In a lecture I heard some years ago, a philosopher asserted that science tries to answer the question ‘how’, while philosophy tries to answer the question ‘why’. In looking at the corpus of work produced by academics and practitioners on finance, it seems to me that most, if not all, are trying to answer the ’how’ question, but almost none attempt to answer the ‘why’ question.
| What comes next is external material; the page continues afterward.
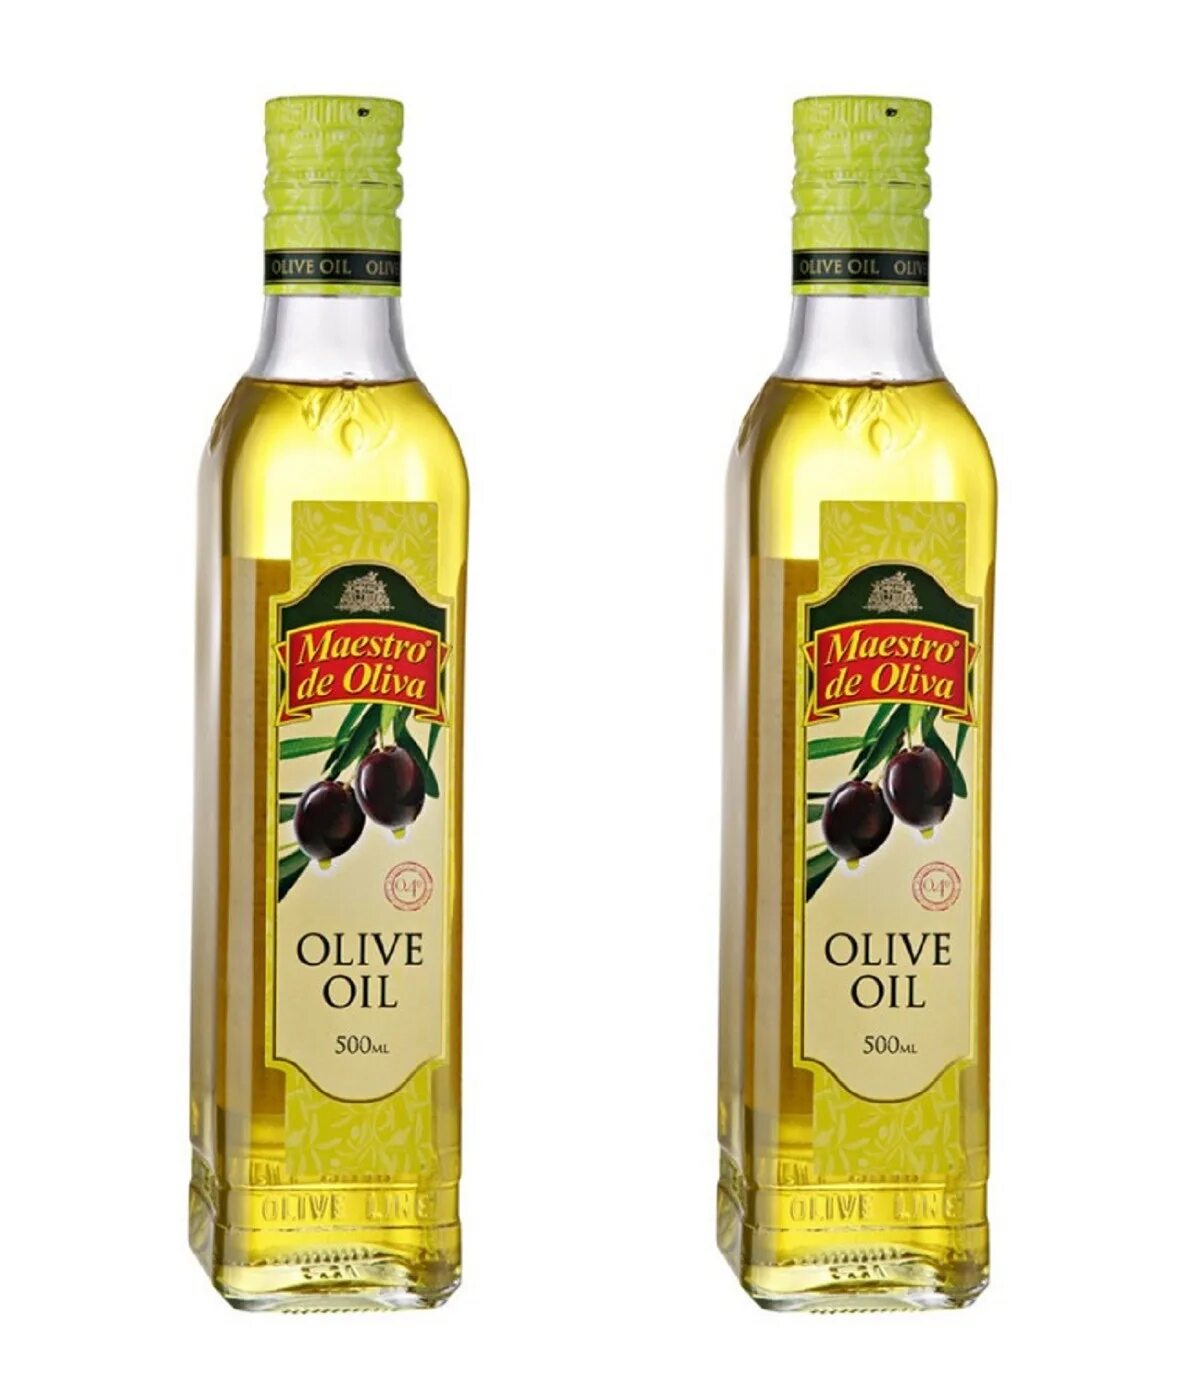 Масло оливковое Maestro de Oliva Extra Virgin нерафинированное, 1 л. Olive Oil нерафинированное масло оливковое. Масло оливковое нерафинированное первого холодного отжима. Olive Oil масло оливковое рафинированное и нерафинированное. Для жарки лучше рафинированное или нерафинированное масло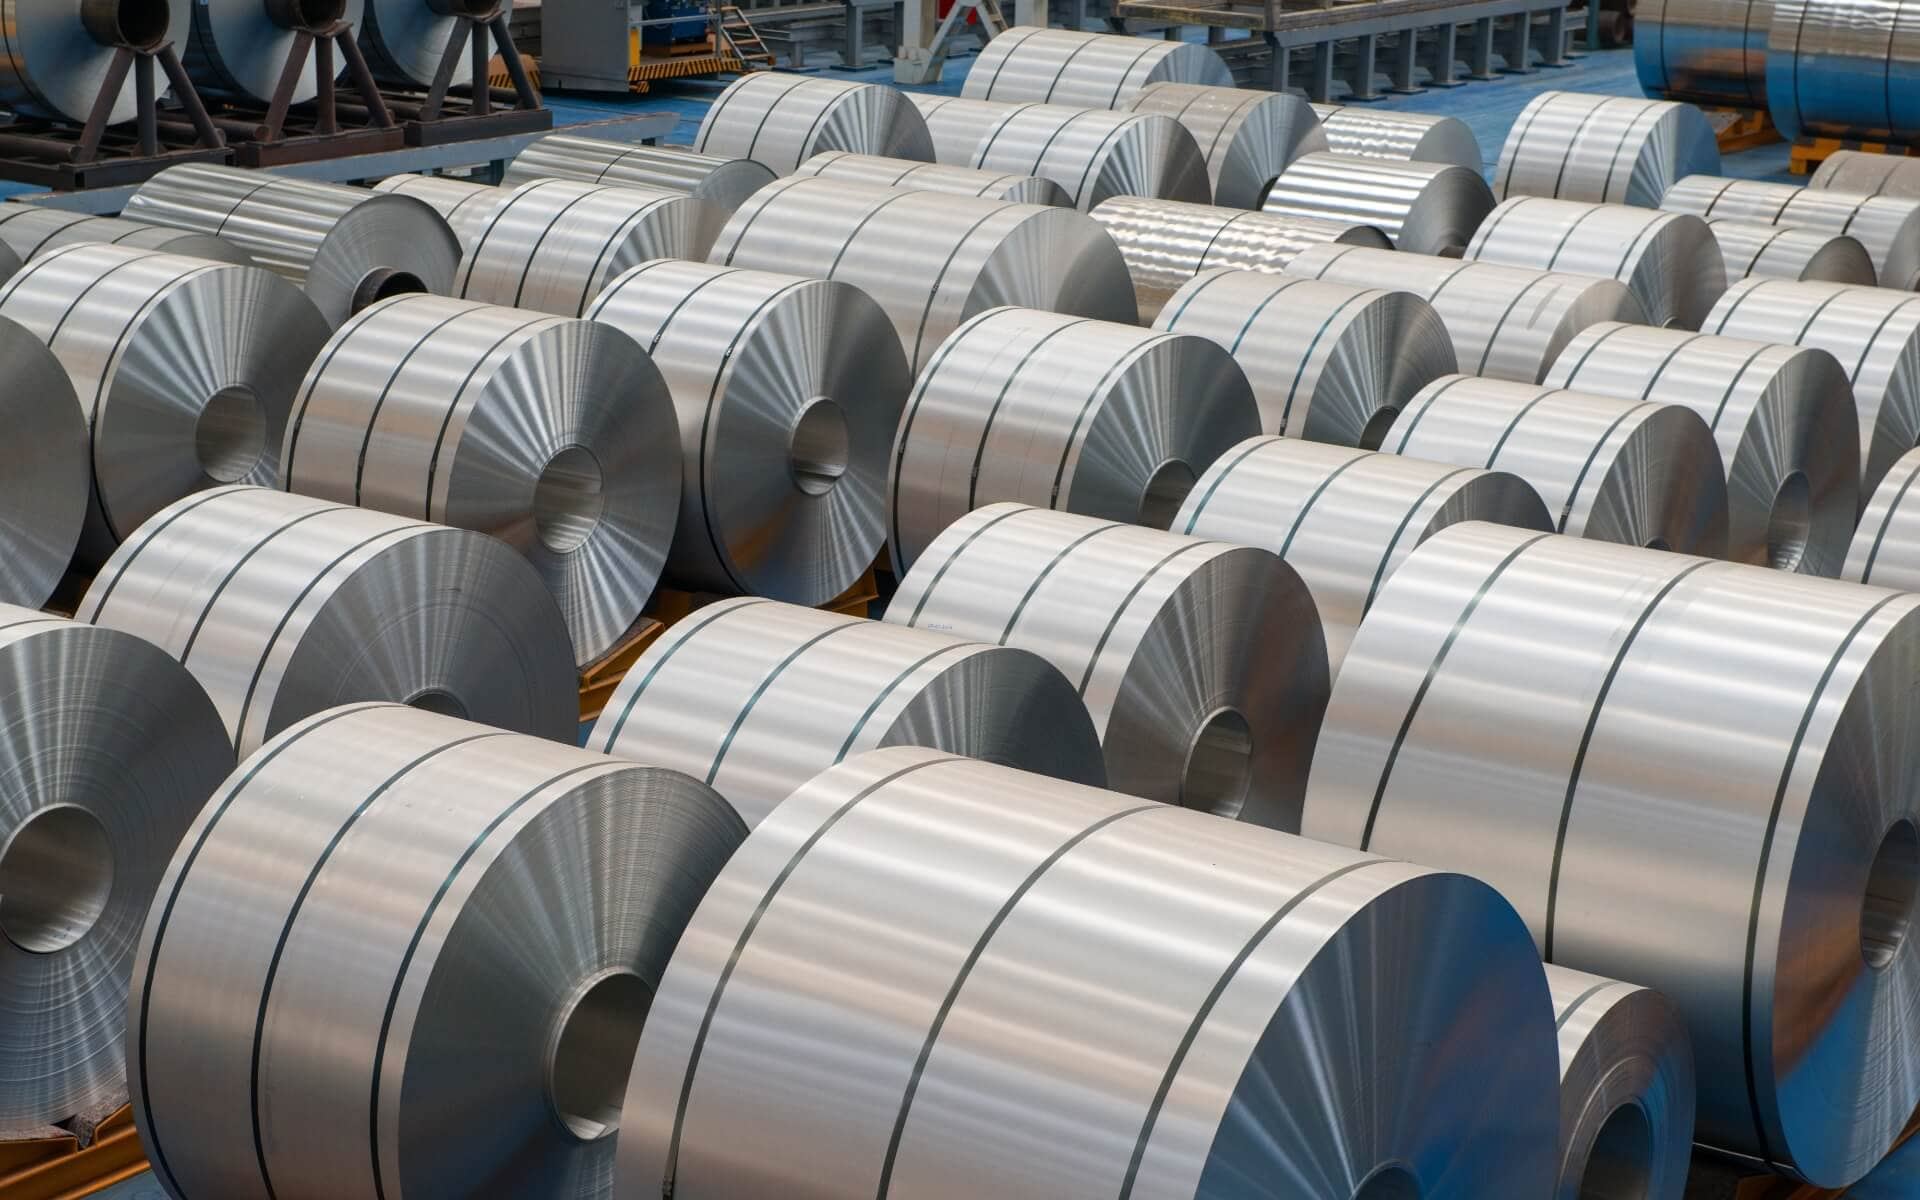 Güney Kore'nin sıcak haddelenmiş çelik satışları Mayıs ayında artışa geçti

I think this is because finance as a discipline sees itself as an extension of economics; and economics, since the nineteenth century work of French economists such as Walras1 and later of Marshall2 , has been seen in essence as a science, and therefore this preoccupation with the ‘how’ question is a result of a spillover of that assumption.
Scientists, of course, would find the idea of a science that relies on the concept of ‘externalities’ and an attempted aggregation of individuals’ often disparate behaviours and mood shifts to explain why the laws postulated by this science do not seem to work dynamically or universally, somewhat baffling. In his book The Origin of Wealth, Eric Beinhocker relates a meeting between economists and scientists in the mid 1990’s in Santa Fe. What the scientists found most fascinating was how economists took a snapshot of science in the late nineteenth century, applied it to their discipline, then evolved this discipline with scant regards to the huge advances made in science thereafter. Economics as a discipline has therefore developed within the confines of how science saw the world at that point in time, while science moved on. Thus, economists still talk of ’equilibrium’ – in 1880 all the rage in physics – while scientists today talk of entropy, for example. Perhaps there is also still a misreading of Adam Smith where many students of economics read The Wealth of Nations, but pay less attention to his The Theory of Moral Sentiments which contextualises it, and so fail to place Smith within the context of the moral philosophy of the eighteenth century that believed in the rationality of humans.
The object of this article is not to enter this debate. In the interest of common sense, and because how we perceive economics has a direct bearing on how we perceive financial theory, I would point out that we are all perfectly comfortable in boarding a metal tube with wings to fly because we are confident that outside the context of quantum mechanics, the laws of Newtonian physics, will always apply in the same way and are never affected by ’externalities’. However, I would venture that no one would do the same if the laws affecting flight were as ill-fitting, and with the constantly-shifting outcomes, as the laws of economics. Common sense, therefore, tells us the laws of physics are constant, observable and universal, and observation tells us the ’laws’ of economics are not. To my mind this argues that we should stop treating economics, and indeed financial theory, as a science and go back to treating it as part of political philosophy. Perhaps by re-examining the ideas of the nineteenth century economist Bastiat’s notion of the ’full picture’3 , we begin to make sense of the failures seen in the financial markets in the context of what we can observe today.